Nobre foi o primeiro brasileiro a reger a Royal Philarmonic Orchestra de Londres, em 1990.
Ele também foi regente de várias outras: Orchestre Philharmonique de l’ORTF em Paris; l´Orchestre de la Suisse Romande; l’Orchestre de l’Opéra de Nice, France; Orquesta Filarmónica del Teatro Colón, em Buenos Aires; Orquesta Sinfónica no México; Orquesta Sinfónica de Cuba. Foi professor visitante da Universidade Yale, da Juilliard School, da University of Texas e da Indiana University.
Suas obras são publicadas pelas editoras Max Eschig (Paris), Boosey & Hawkes (Inglaterra) e Marlos Nobre Edition (Rio de Janeiro).
Em 1958, com bolsa de estudos do Departamento de Documentação e Cultura do Recife, Nobre participou do I Curso Nacional de Música Sacra, tendo como professores o Padre Jaime C. Diniz, Camargo Guarnieri, H. J. Koellreutter, Alberto Ginastera, Olivier Messiaen, Luigi Dallapiccola, Bruno Maderna e Aaron Copland, entre outros nomes de peso do cenário musical.

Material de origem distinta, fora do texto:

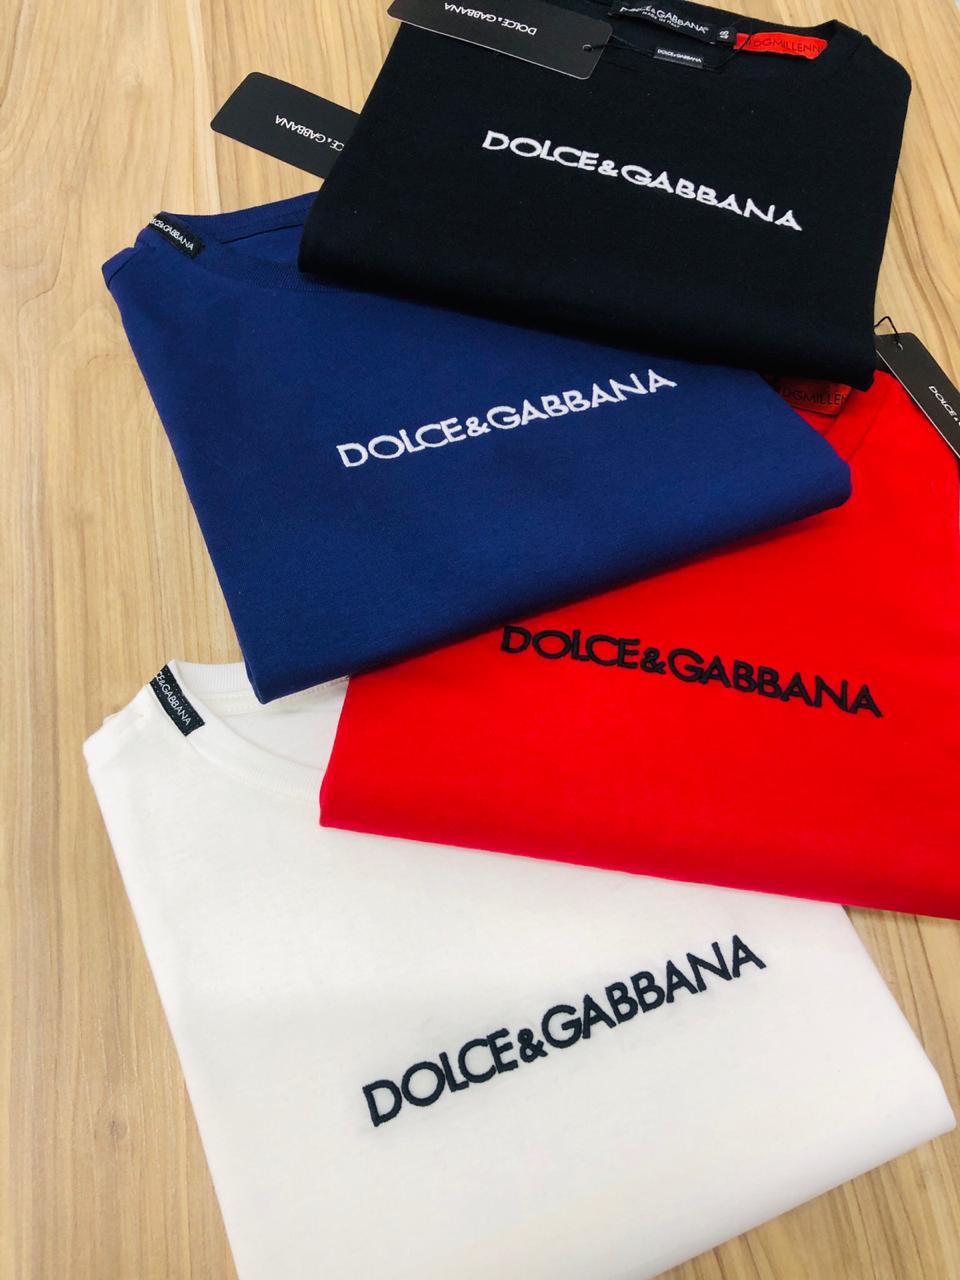 Camiseta Dolce & Gabbana Diferenciada (cada)

Sua primeira obra para orquestra foi Concertino para piano e orquestra de cordas, em 1959, com a qual recebeu menção honrosa do 1º Concurso de Música e Músicos do Brasil, promovido pela Rádio MEC, ondel foi diretor musical (1971). No ano seguinte, foi premiado no mesmo concurso, com a obra Trio, op. 4.
Nobre dirigiu o Instituto Nacional de Música da Fundação Nacional das Artes (Funarte), em 1976. Presidiu o Conselho Internacional de Música da Organização das Nações Unidas para a Educação, a Ciência e a Cultura (Unesco), em Paris, entre 1985 e 1987. Em 1988, passou a dirigir a Fundação Cultural de Brasília. Ocupa a cadeira nº 1 da Academia Brasileira de Música e é diretor musical e regente titular da Orquestra Sinfônica do Recife.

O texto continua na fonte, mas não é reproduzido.